__EXERCISE__: For the records below, copy exactly the span that begins at the line containing "g by guess horton riding boot" and stops after the line containing "Place an egg", minus any pictures.

__ENTRIES SUPPLIED__:
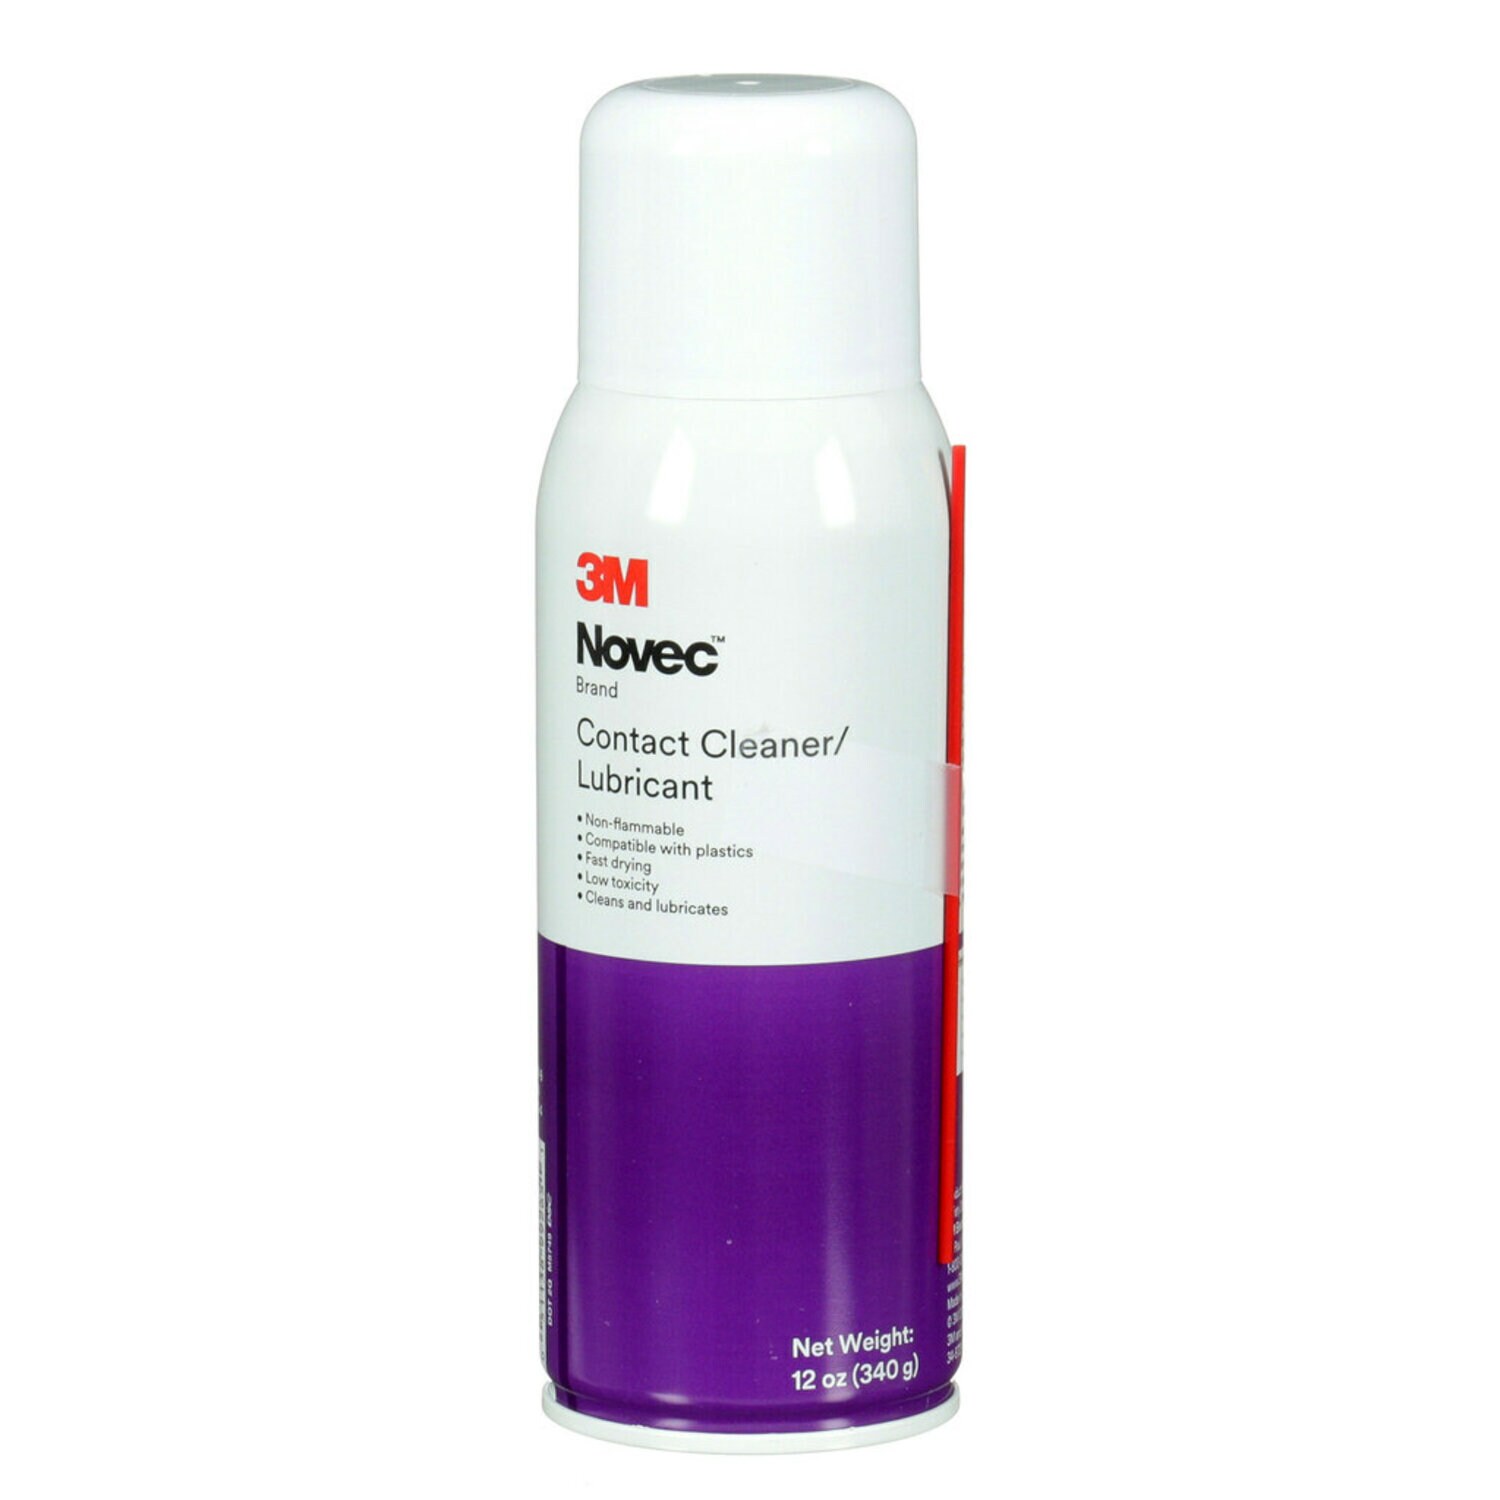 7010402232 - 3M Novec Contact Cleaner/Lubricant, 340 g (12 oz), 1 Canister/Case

---

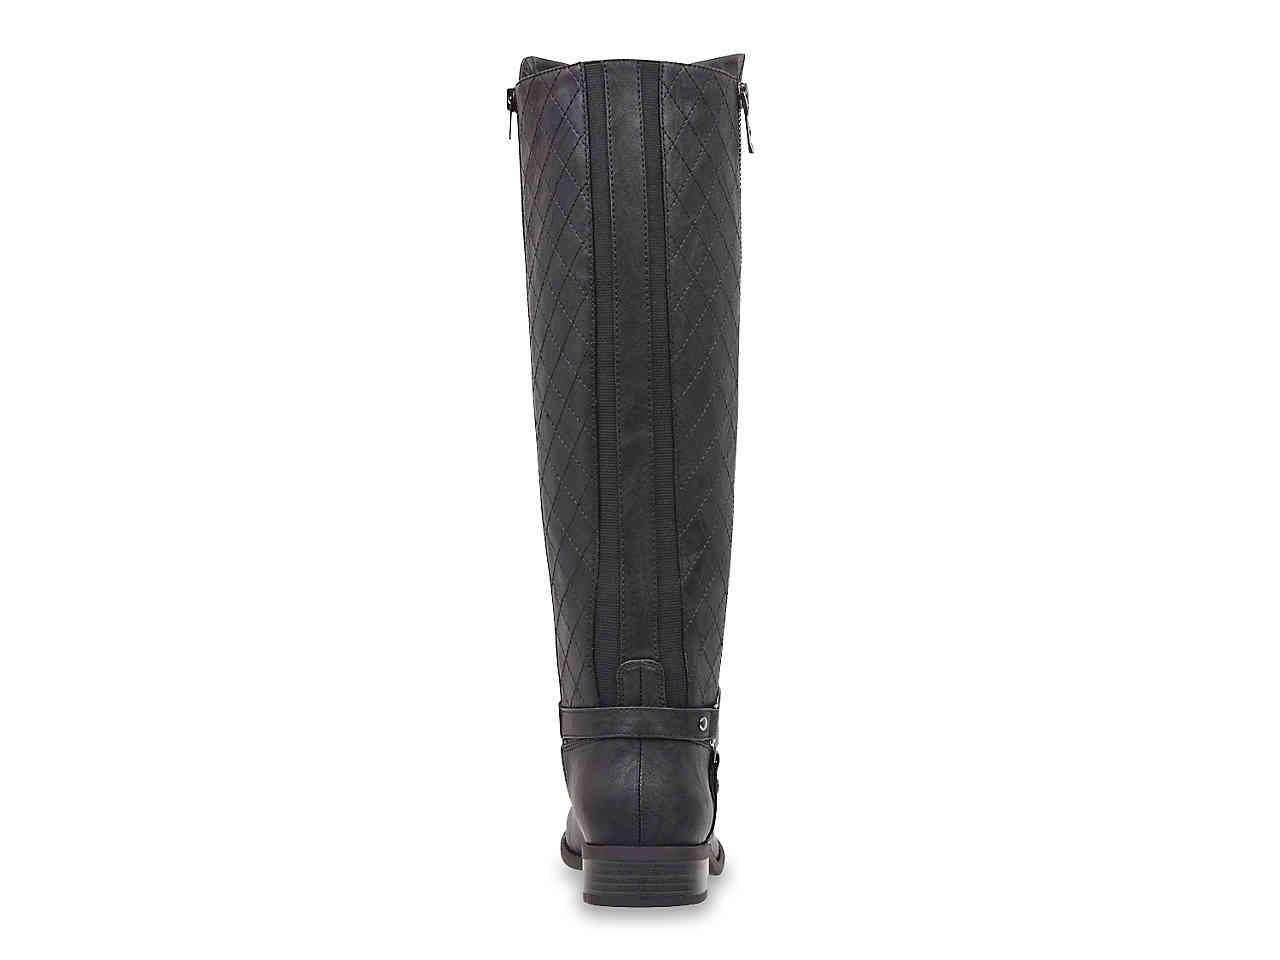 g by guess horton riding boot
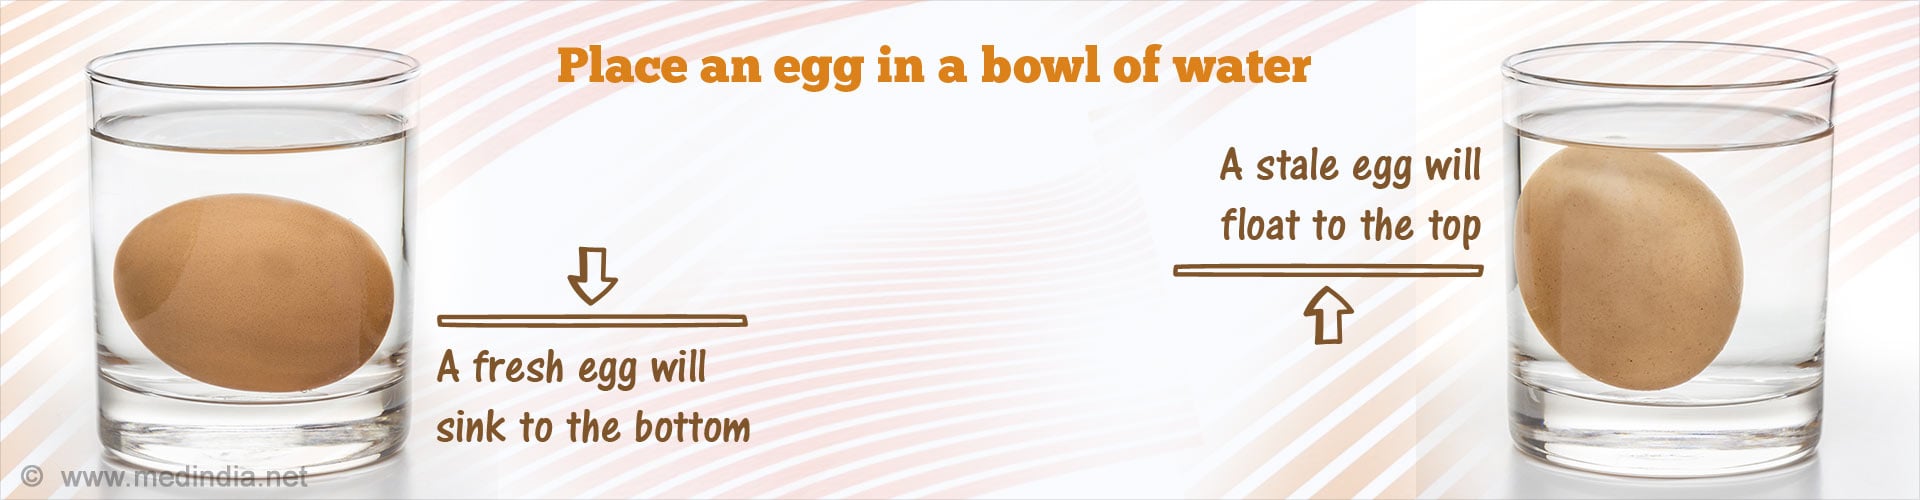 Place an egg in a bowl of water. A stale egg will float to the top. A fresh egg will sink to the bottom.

* * *

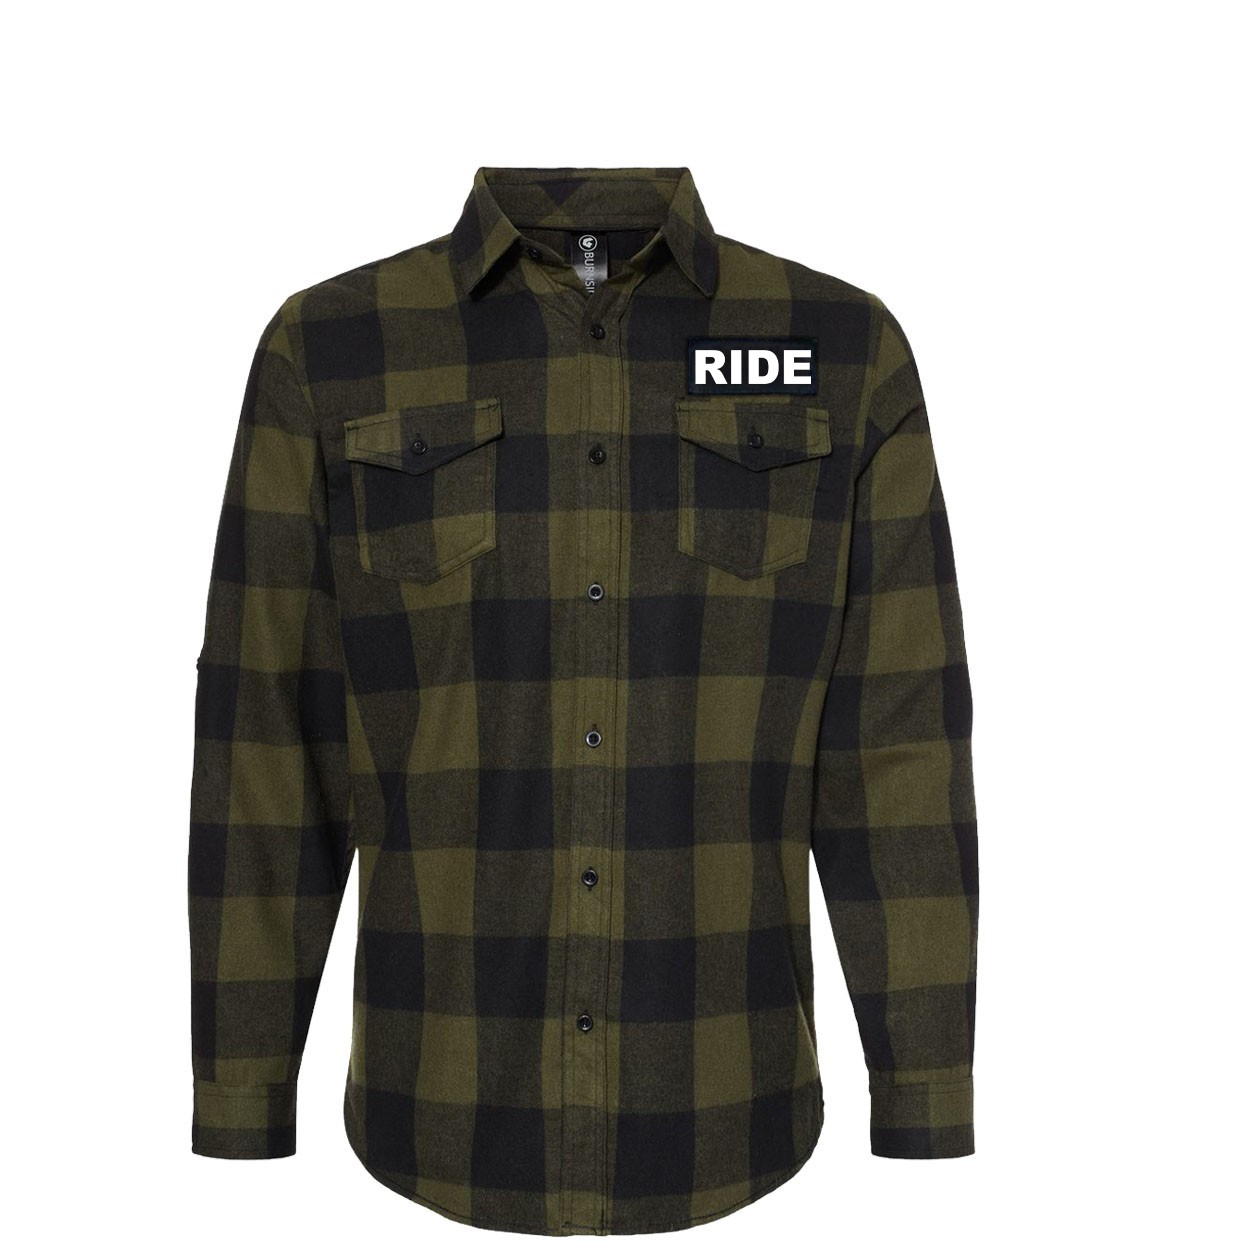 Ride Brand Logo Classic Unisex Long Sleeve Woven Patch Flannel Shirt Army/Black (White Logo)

__EXERCISE OUTPUT__:
 g by guess horton riding boot
 Place an egg in a bowl of water. A stale egg will float to the top. A fresh egg will sink to the bottom.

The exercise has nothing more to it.